Когда он сказал мне: «А ты чем лучше? Производишь какую-то муру, а твоя совесть молчит?» — я почувствовал, как у меня что-то остановилось в груди, в аорте. Я двигал ртом, ничего не мог произнести, а он смотрел на меня уже не так, как раньше, а с испугом. Наконец я сказал: «Негодяй! На эту муру я тебя поил и кормил семнадцать лет, довел до десятого класса! На эту муру ты покупаешь себе джинсы, пластинки и всякую дрянь! И сам ты дрянь!» И тут я его ударил. Он согнулся и побежал в свою комнату. Я знал, что ему было больно. Но я не чувствовал никакой жалости к нему — хотя я бил его редко, может быть, два или три раза за всю жизнь, — я только чувствовал пустоту и отчаянье, которое эту пустоту заполняло. Фраза, брошенная мне в лицо, была давно придумана, и в ней были ненависть и презрение, накопленные месяцами и, может быть, даже годами. Там был, конечно, не один Кирилл, но и Рита. Так они разговаривают обо мне между собой. И, главное, в этой фразе был я! Я, я! Узнал свои словечки: «производишь муру». Презрение — вещь заразительная. Я никогда не вскипел бы так бурно, если б не почуял в этой фразе себя, свое тайное, как дурная, скрываемая болезнь, презренье к «муре» и к своей собственной тоже.
Но ведь парень ничего этого не знал. Он получил затрещину и убежал ошеломленный, давясь слезами.
Тот день начался с того, что я нашел у Кирилла в комнате в ящике стола — очень хотелось курить, я искал сигареты — маленькую книжечку в кожаном переплете с запором. Заинтересовался, открыл: ключик лежал рядом. Это оказался дневник, начатый Кириллом несколько месяцев назад. Я пробежал по диагонали страниц двадцать, исписанных крупным и жидким, полудетским почерком, — было неловко, но я сказал себе, что с позиций воспитателя имею абсолютное право. Много было ерунды: описание футбольной встречи с другой школой, рассуждения о какой-то научно-фантастической книге современного автора, по-видимому, порядочной гадости, взаимоотношения с неким А. и некоей О., описанные многословно и туманно, с многоточиями, и затем запись о праздновании собственного дня рождения. Накануне — подробнейшие прогнозы насчет того, кто что подарит. Эта страсть к получению подарков, которую Кирилл демонстрировал с такой замечательной искренностью и прямотой, — началась в младенчестве и продолжается до сих пор — всегда меня коробила, но все же як ней привык. Не новость. То же самое было у Риты. «Посмотрим, на что расшибется папа. Еще летом обещал мне маг, ну не «Грундиг» конечно, на это его не хватит, но хотя бы «Комету». У Серого «Комета» работает клево, так что я буду вполне satisfied». Развязный тон слегка задел, но я проглотил, читал дальше. Действительно, я подарил парню «Комету». Причем, помню, предвкушал впечатление, какое произведет подарок. Я-то был уверен, что для него это сюрприз, летнее обещание совершенно из меня выветрилось, но он все помнил железно. То-то я удивился: хоть и благодарил, но как-то спокойно, без восторга.

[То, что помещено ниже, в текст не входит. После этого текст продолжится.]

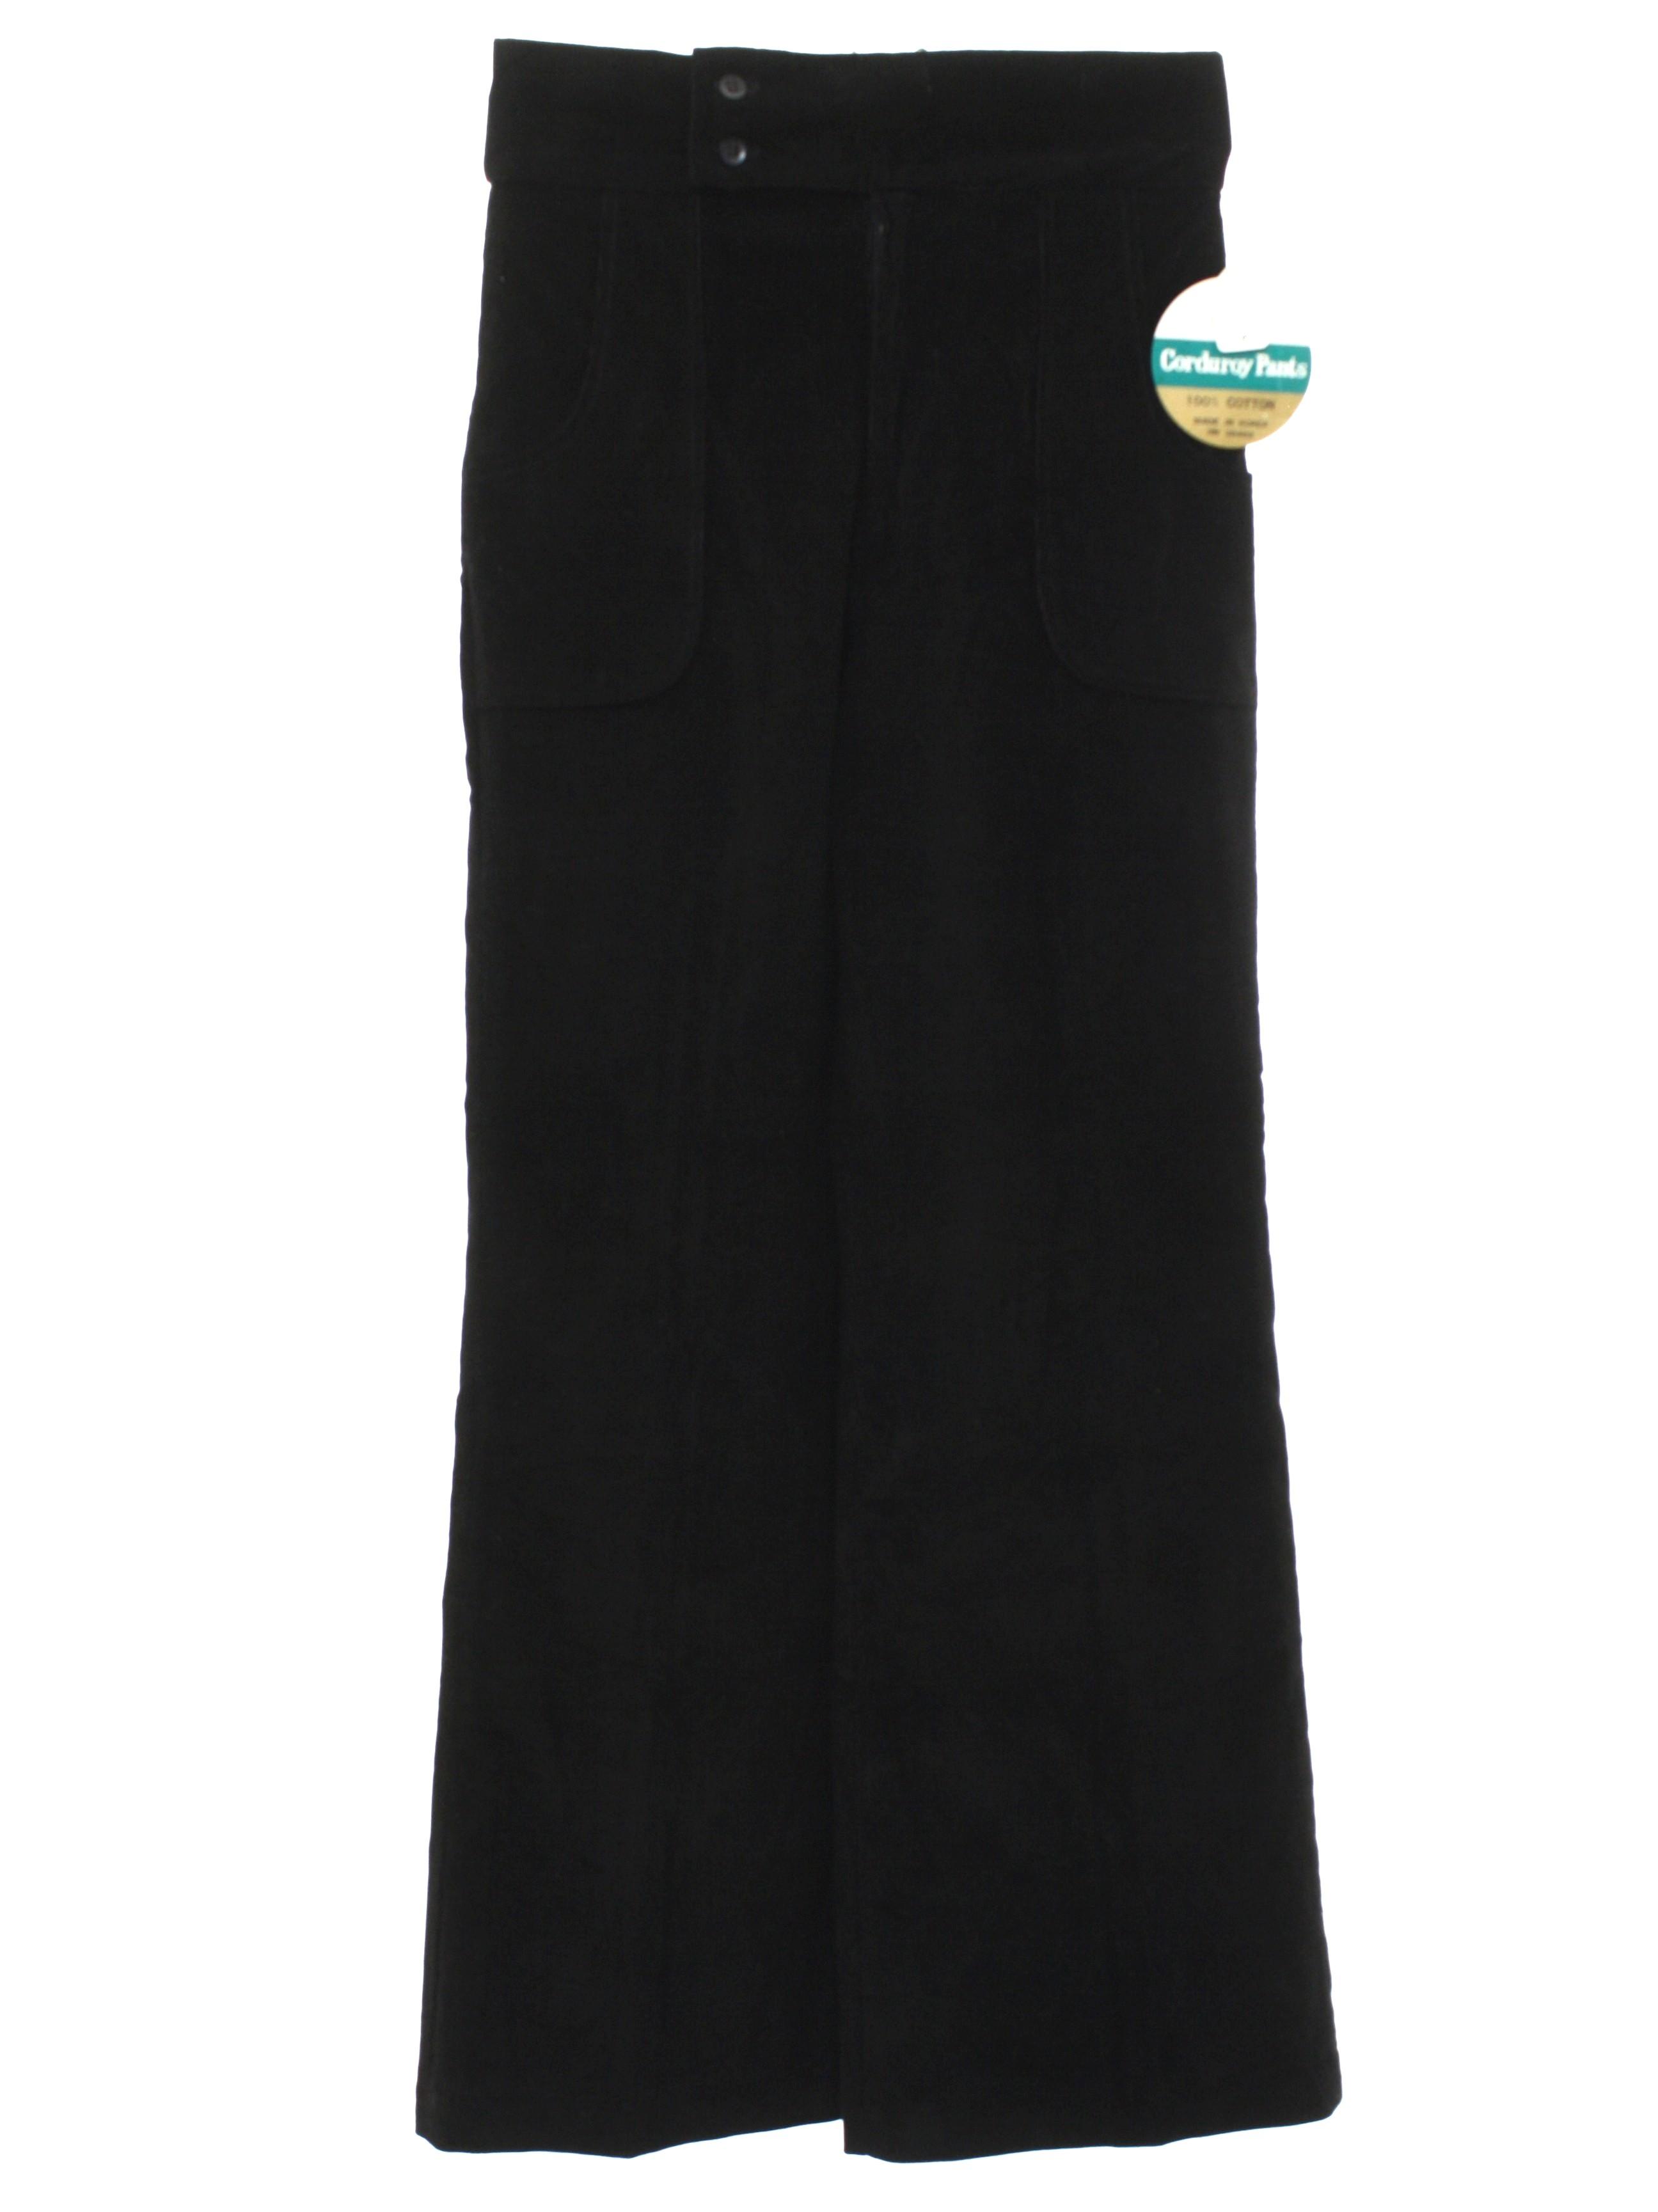 Awesome Stitch39s Womens Black Skinny Jeans Ladies Slim Corduroy Pants Size 8
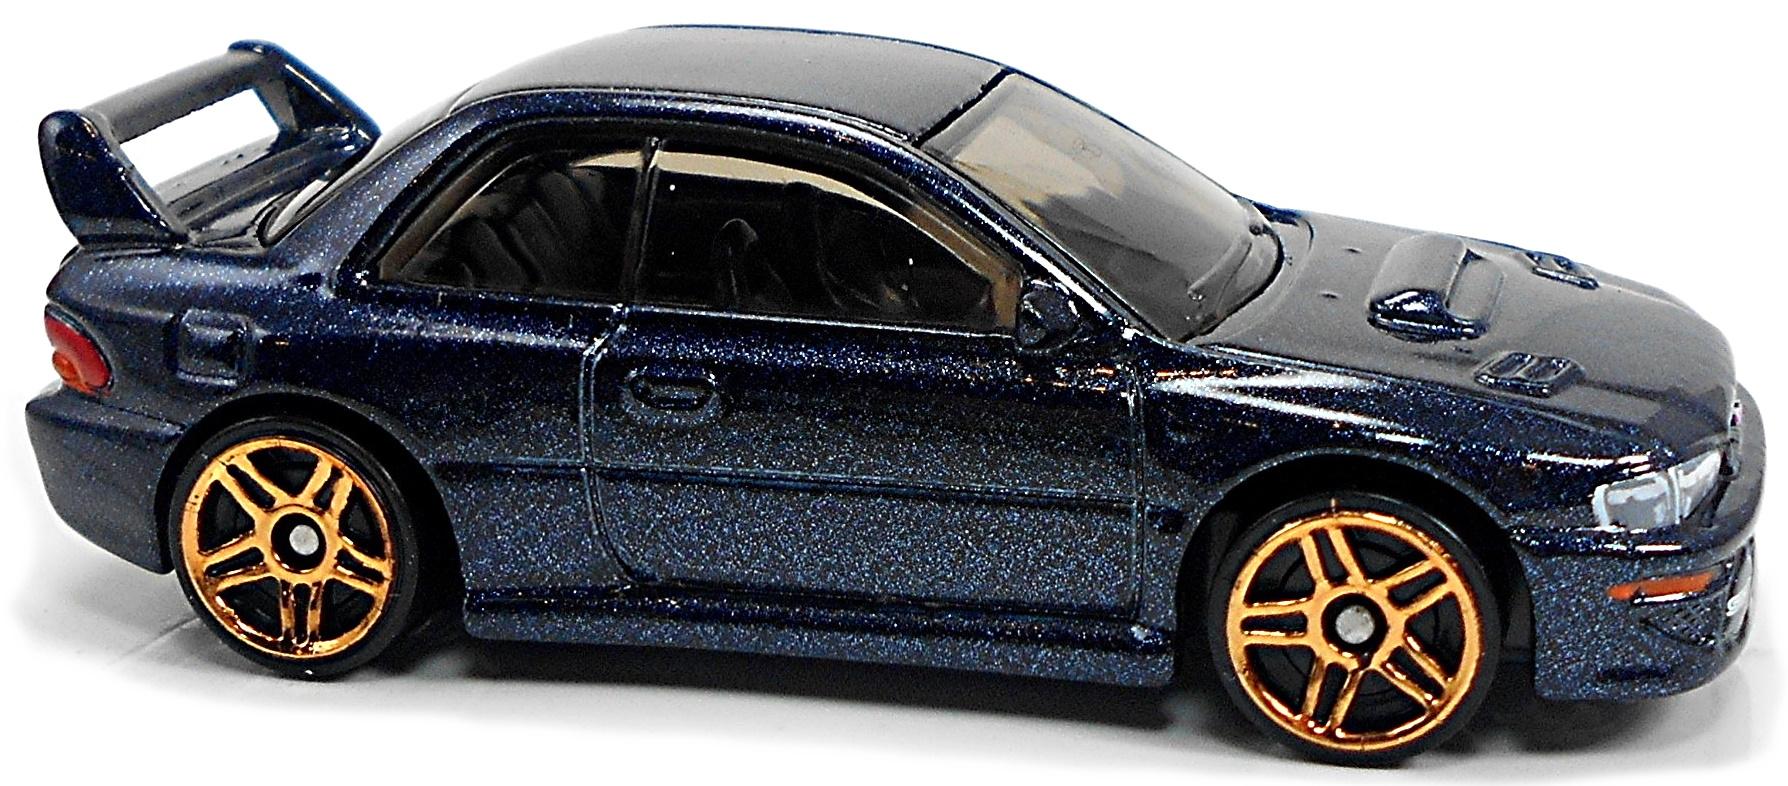 Hot Wheels /'98 Subaru Impreza 22B STI-Version 2020-023 NP18

Допекла меня другая запись: «Приходила кикимора и принесла какой-то жалкий альбомчик для открыток и набор красок. Рубля на три все вместе. Недаром мама говорит, что старые девы отличаются подозрительностью и жадностью…» Это было сказано о моей сестре и его тетке Наташе. Если б Наташка прочла — брр! Я содрогнулся. Мне захотелось вырвать страницу, чтоб этого страшного никогда не случилось. Но остановился: страница могла понадобиться. В бедной Наташкиной памяти остались наши дни рождения, когда альбом для открыток и краски считались ценностью. Нет, возмутило не то, не торгашеская — в рублях — оценка, а хладнокровное лицемерие. Ведь он, подлец, тетку благодарил, даже чмокнул в щеку, улыбался приветливо и задавал, как нежный племянник, вопросы: «А что у тебя на работе? А когда ты будешь отдыхать?» И в тот же вечер: кикимора…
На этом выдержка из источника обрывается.